More than eight months after Amazon began its biggest workforce reduction on record, former employees are navigating a U.S. labor market made tougher by broader technology sector cuts. The strain is intensifying as companies redirect spending toward artificial intelligence and eliminate roles that some displaced workers say no longer exist.
Highlights
- Amazon has laid off more than 57,000 employees since 2022, representing 16% of its corporate workforce and the most aggressive tech sector cuts.
- In May, the U.S. tech sector shed about 140,000 jobs—the highest since August 2024—with companies citing AI as the primary driver for workforce reductions.

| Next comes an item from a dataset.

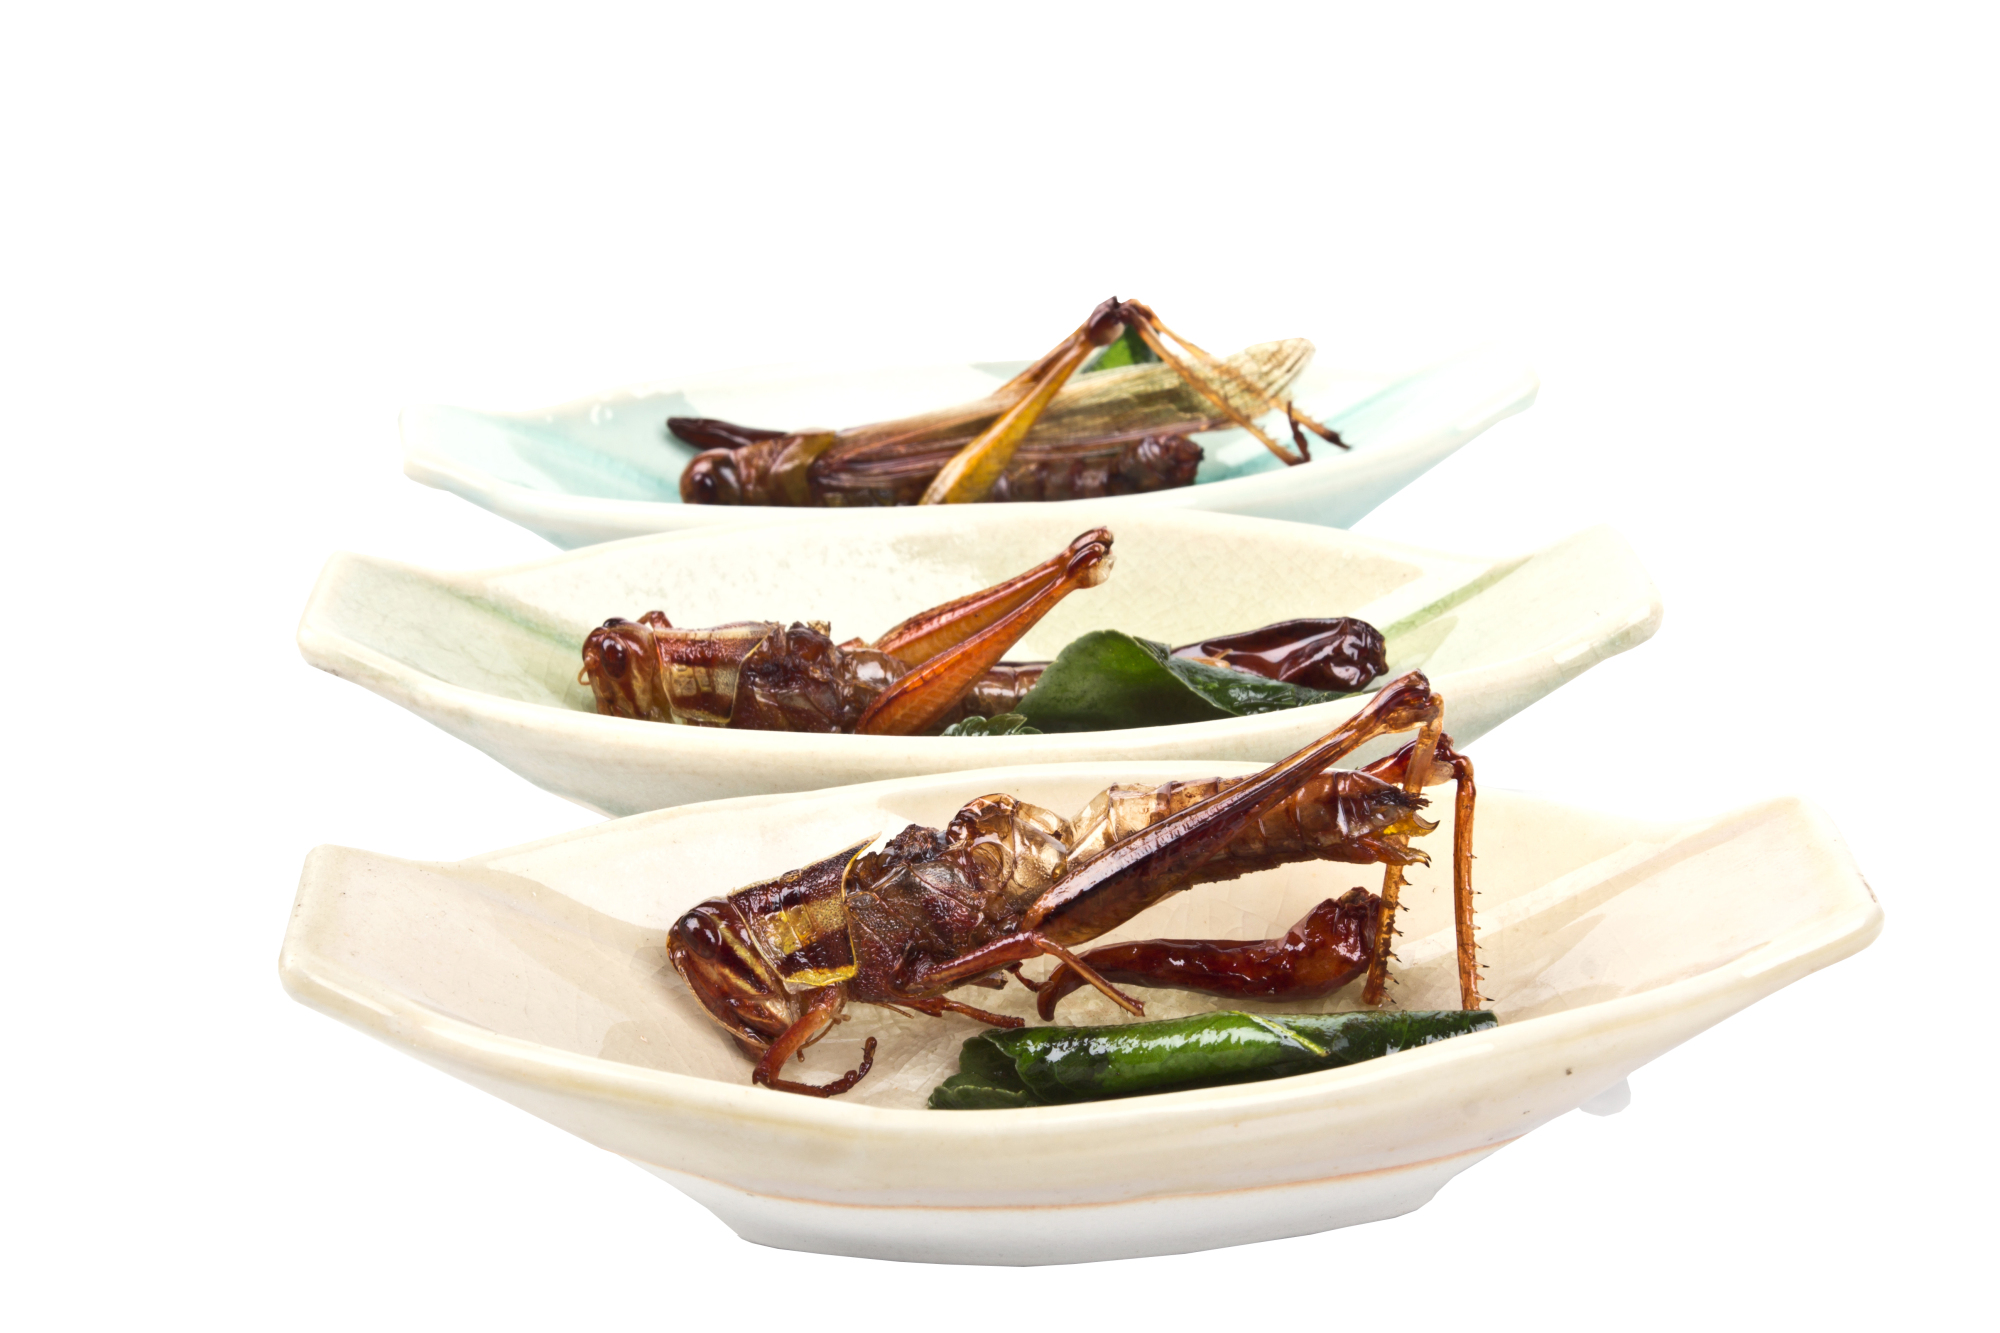 Food bugs: Insects such as locusts could become an alternative food source as Japan's traditional ones become scarce. | ISTOCK

- AI-driven restructuring factors in 23% of all 2026 layoff announcements, leaving former Amazon staff in a saturated market alongside peers from Cisco, Meta, Microsoft, Oracle, and Salesforce.
Amazon cuts and worker fallout
As first reported by CNBC, Amazon’s layoffs have affected more than 57,000 employees since 2022, equal to about 16% of its corporate workforce, making the company one of the most aggressive job cutters among major tech groups. The latest wave included roughly 16,000 employees in late January, on top of more than 14,000 staff let go three months earlier, marking the steepest reductions in the company’s history.Among those affected is Jake Linsley, a former finance manager who spent nearly six years at Amazon before being laid off in January. He later took a role at a healthcare IT startup and said he now values job stability over the prospect of rapid growth that can vanish suddenly.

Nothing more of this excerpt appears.